In Figure 5, we compared the performance of seven kernels for the maize data set: Linear, Polynomial, Sigmoid, Gaussian, Exponential, Arc-Cosine_1 and Arc-Cosine_2 for model M4 and M5. For model M5, the best prediction performance was observed under the Arc_cosine_1 and Polynomial kernel and the worst under the Gaussian kernel. While under model M4, the best performance in terms of MSE was observed under the Gaussian Kernel and the worst under the Linear kernel. The code used for implementing model M4 and M5 with the seven kernels are given in Supplementary Appendix SE. It is important to point out that in the SKM library it is possible to perform kernel and sparse kernels not only under the Bayesian BGBLUP method (a sub-model of model M5, that is implemented under a RKHS method in BGLR) but under the six models (M1 to M6) that can be implemented in this library. The kernels apart from one sub-model of model M5 (BGBLUP) are implemented not using as input directly the kernel, but with the square root of the kernel for this reason is possible to be implemented with all the six models. While the sparse kernels were implemented in a similar fashion but using the method explained above, proposed of Cuevas et al. (2020) and for this reason, also it is possible to be implemented with the six models here evaluated (M1, … , M6).

FIGURE 5

FIGURE 5. Prediction performance across environments (Global) in Maize data in terms of Mean Square Error (MSE) of models M4 and M5 for seven kernel methods. M4 denotes the random forest model and M5 denotes the Bayesian regression model.

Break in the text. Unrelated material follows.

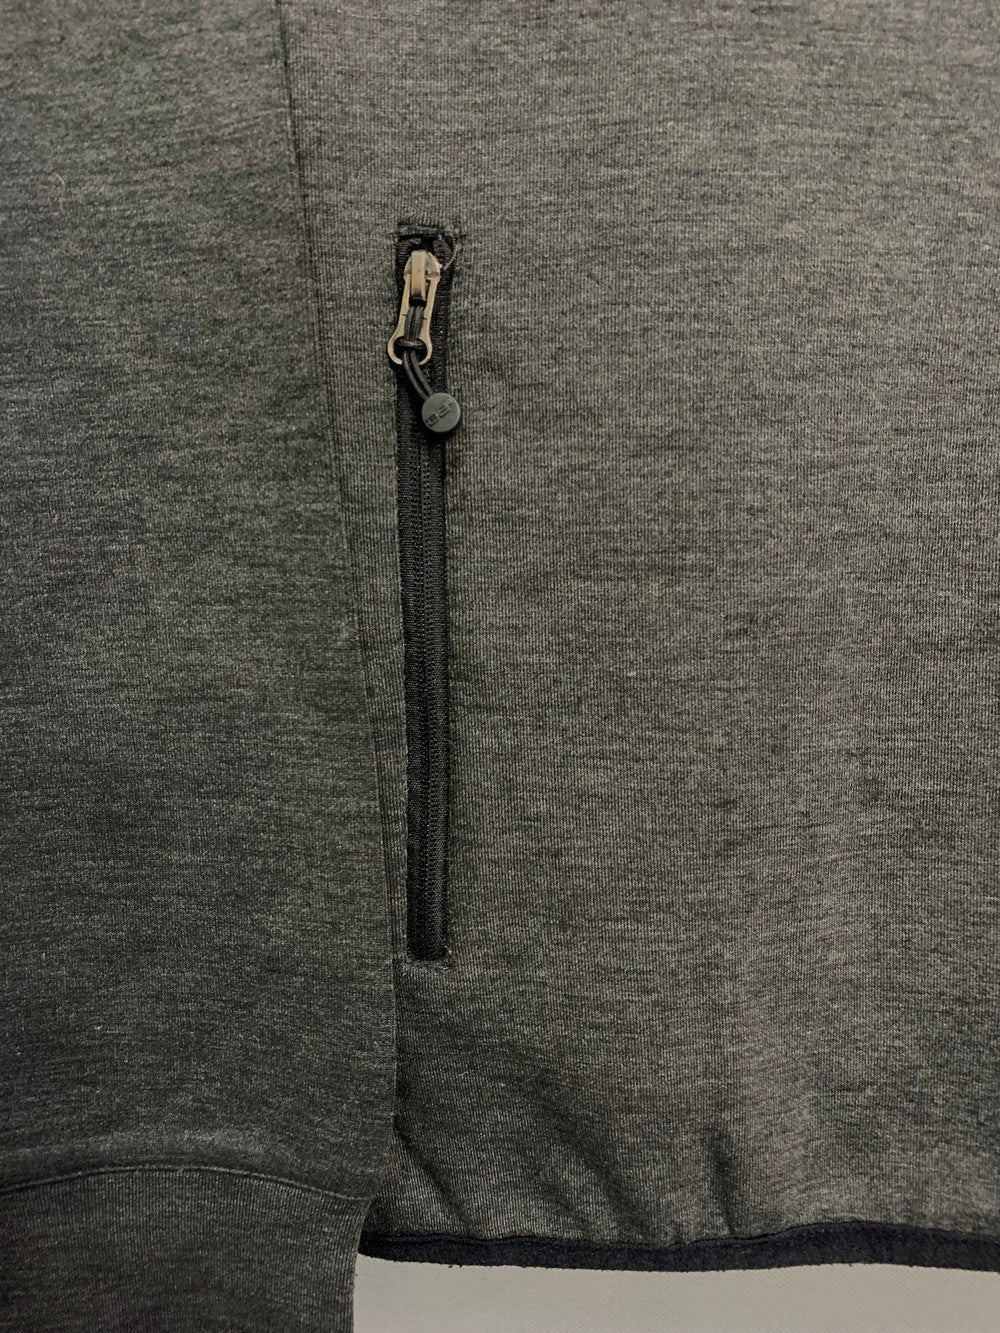 32 Degrees Branded Original Sports Hood Zipper For Men
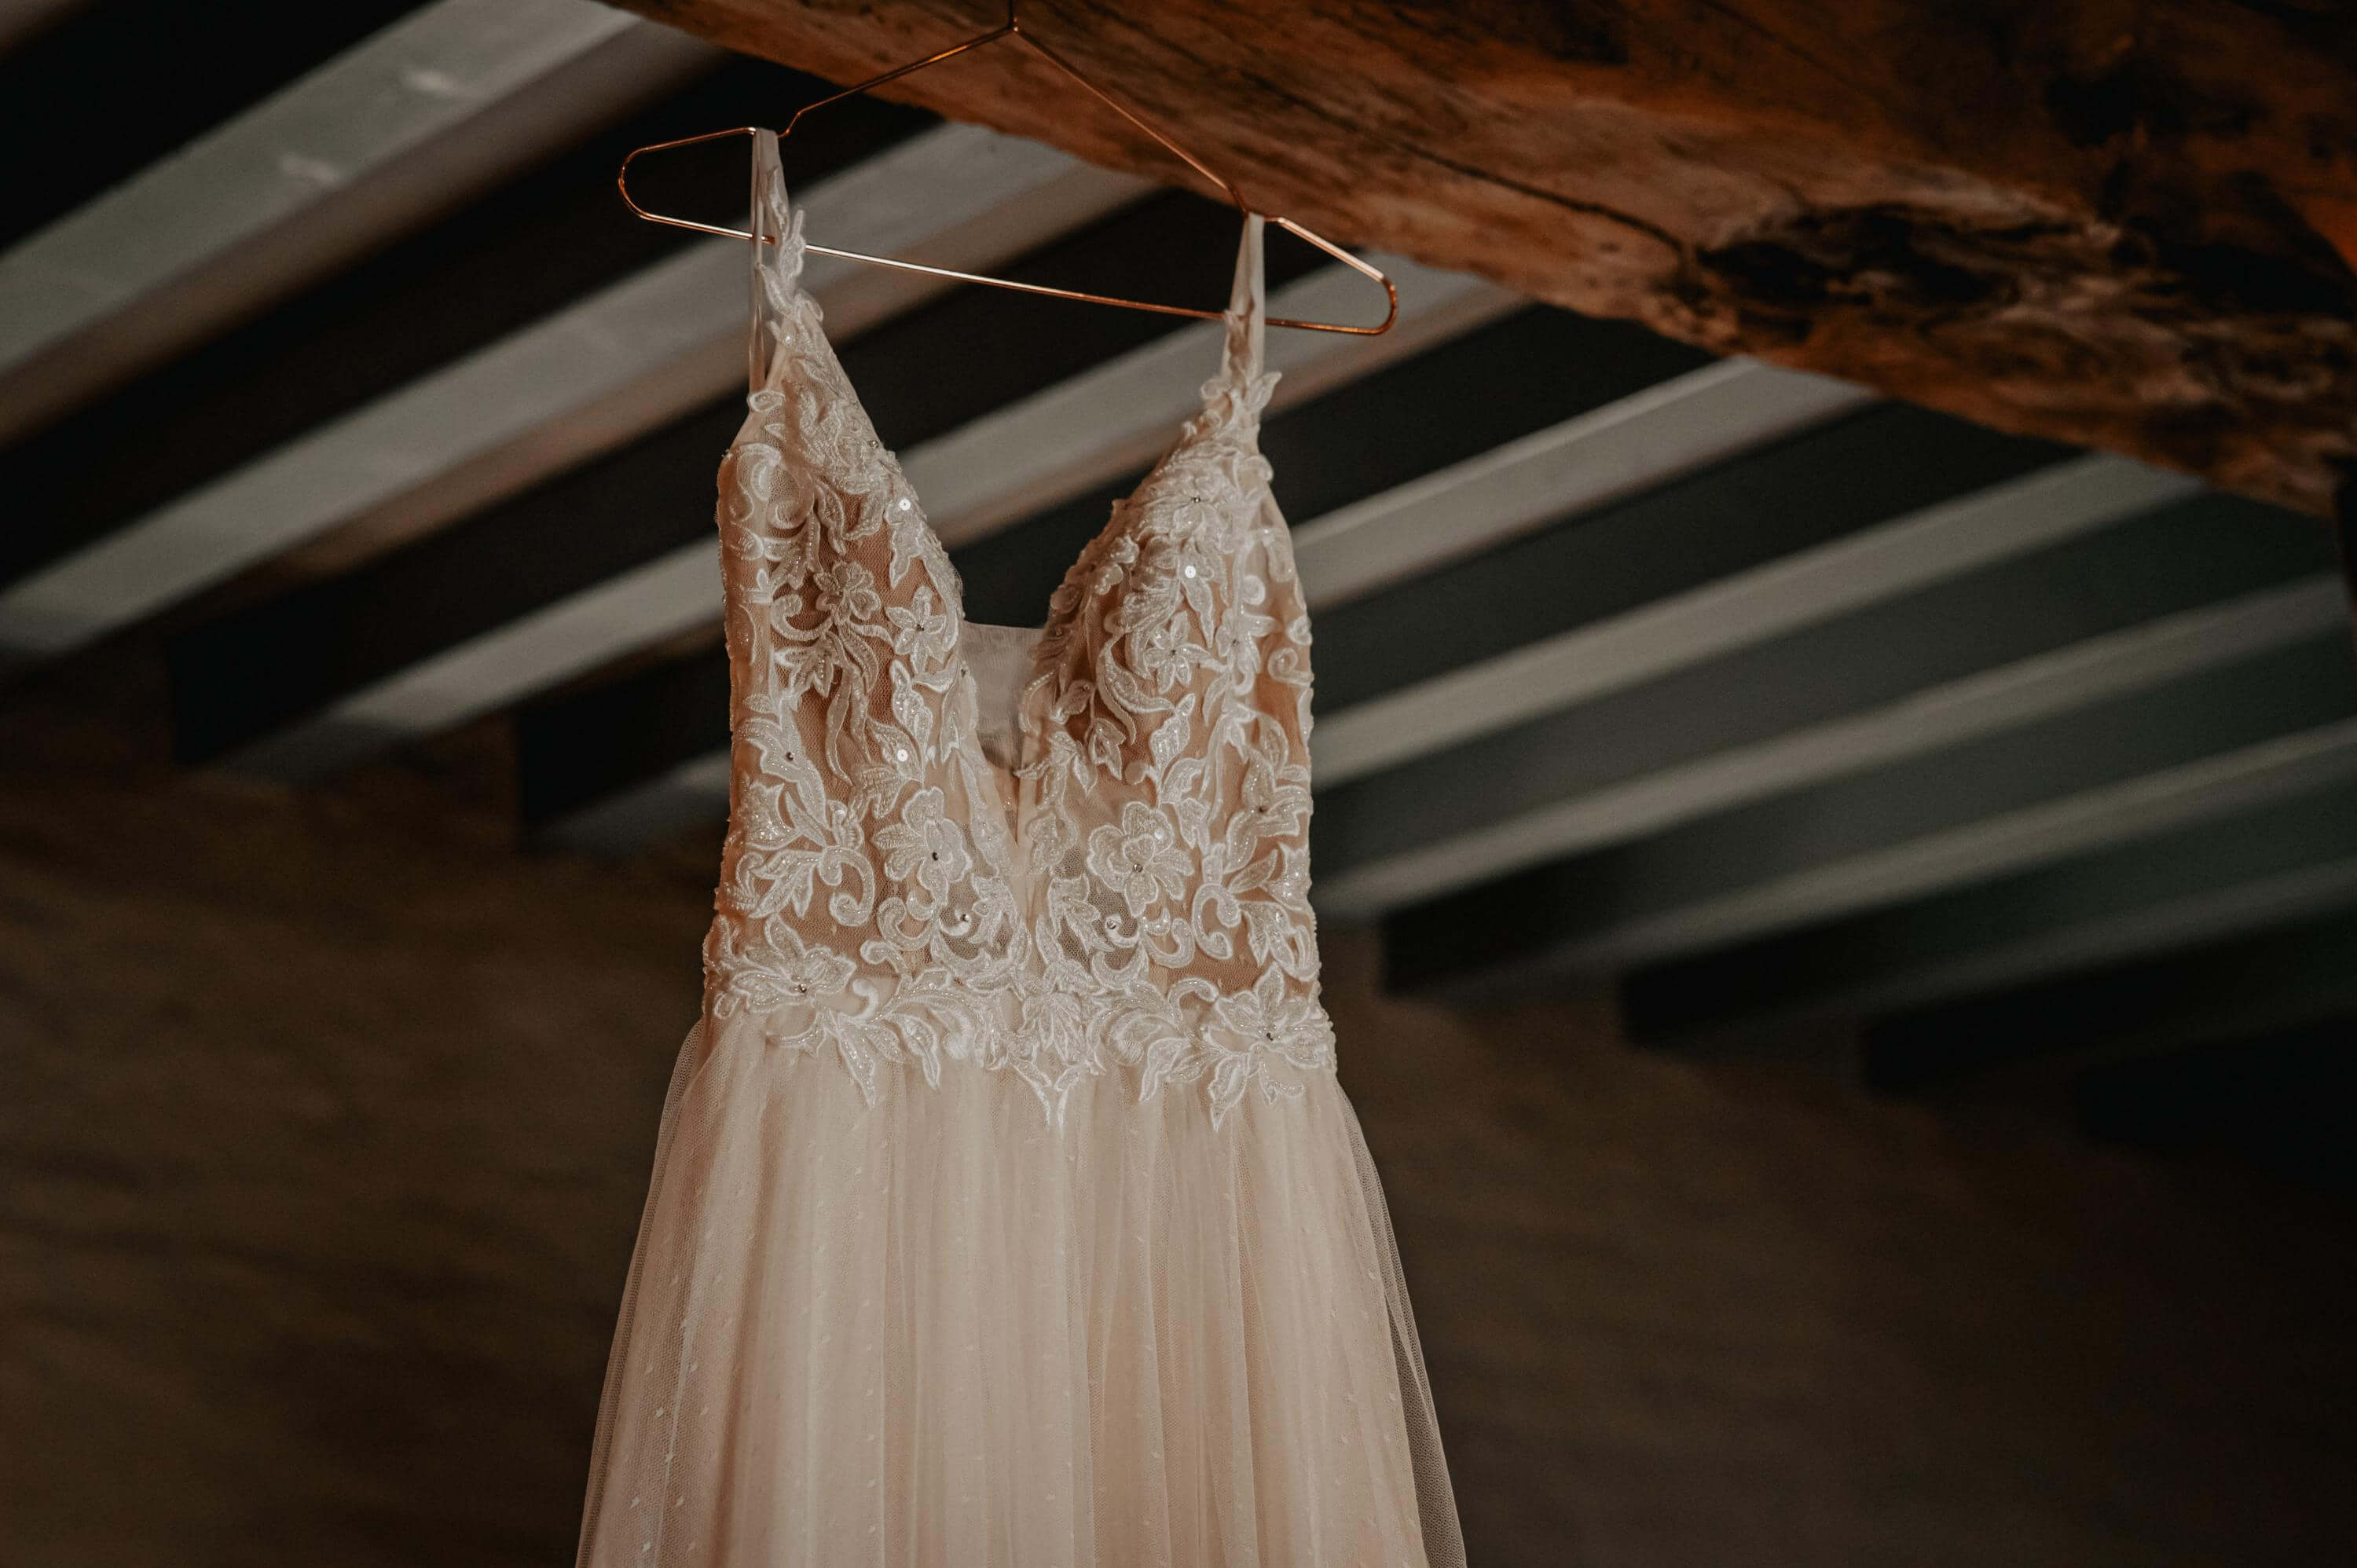 Ein leichtes leicht glitzerndes Hochzeitskleid mit grober Blumenspitze und schmalen Trägern hängt auf einem kupferfarbenen Bügel am Deckenbalken eines Hotelzimmers.

In Figure 6, we also provide the prediction accuracies in terms of MSE for models M4 and M5 with the Arc_cosine_1 kernel for six compression levels (0.5, 0.4, 0.3, 0.2, 0.1 and 0). It is important to point out that in Figure 6, the complement of the compression levels are given on the x-axis, which means the proportion of the columns (subsampling of lines without replacement; see Cuevas et al., 2020) of the complete (dense) kernel that are used as independent variables. We can observe in Figure 6 that the best prediction performance for model M5 was obtained with the compression level at 50%, that is, when the model was trained with only half of the total columns of the complete kernel. However, the worst performance in model M5 was with a compression level of 10% (LinesProportion of 0.9). On the other hand, in model M4, the best and worst prediction performance in terms of MSE was observed under compression level of 0.4 (LinesProportion of 0.6) and 0 (LinesProportion of 1) respectively. The R code for reproducing the results given in Figure 6 are provided in Supplementary Appendix SF.

FIGURE 6

FIGURE 6. Prediction performance across environments (Global) in Maize data in terms of Mean Square Error (MSE) of models M4 and M5 using the sparse Arc_cosine_1 kernel with six proportions of compression levels: 0.5, 0.4, 0.3, 0.2, 0.1 and 0, which correspond to using only the following proportions: 0.5, 0.6, 0.7, 0.8, 0.9 and 1 of the original lines (LinesProportion) for computing the kernels. M4 denotes the random forest model and M5 denotes the Bayesian regression model. The complement of level of compression level is equal to the proportion of lines used to compute the sparse kernel, that is, level of compression = 1 minus proportion of lines used to compute the sparse kernel.

Figure 6 for the Arc_cosine_1 sparse kernel, it is shown that even with the largest compression level, there is not a relevant loss in prediction accuracy. However, when the compression level is larger, less time (in hours) is required for the training process, and the reduction in time of execution is almost linear (Figure 7A for model M4 and Figure 7B for model M5 both for the Arc_cosine_1 sparse kernel). We can also observe in these Figures (Figures 7A,B) that the time required for the training process in model M5 is significantly less than the time required for model M4.

FIGURE 7

FIGURE 7. Time in hours for implementing two sparse kernels (Arc_cosine_1 and Gaussian) with the maize data set as a function of the proportion of the compression level (0.5, 0.4, 0.3, 0.2, 0.1 and 0), which corresponds to using only the following proportions: 0.5, 0.6, 0.7, 0.8, 0.9 and 1 of the original lines (LinesProportion) for computing the sparse kernels since level of compression = 1 minus proportion of lines used to compute the sparse kernel. (A) corresponds to M4 and Arc_cosine_1 sparse kernel. (B) corresponds to M5 Arc_cosine_1 sparse kernel. (C) corresponds to M4 and Gaussian sparse kernel. (D) corresponds to M5 Gaussian sparse kernel. M4 denotes the random forest model and M5 denotes the Bayesian regression model.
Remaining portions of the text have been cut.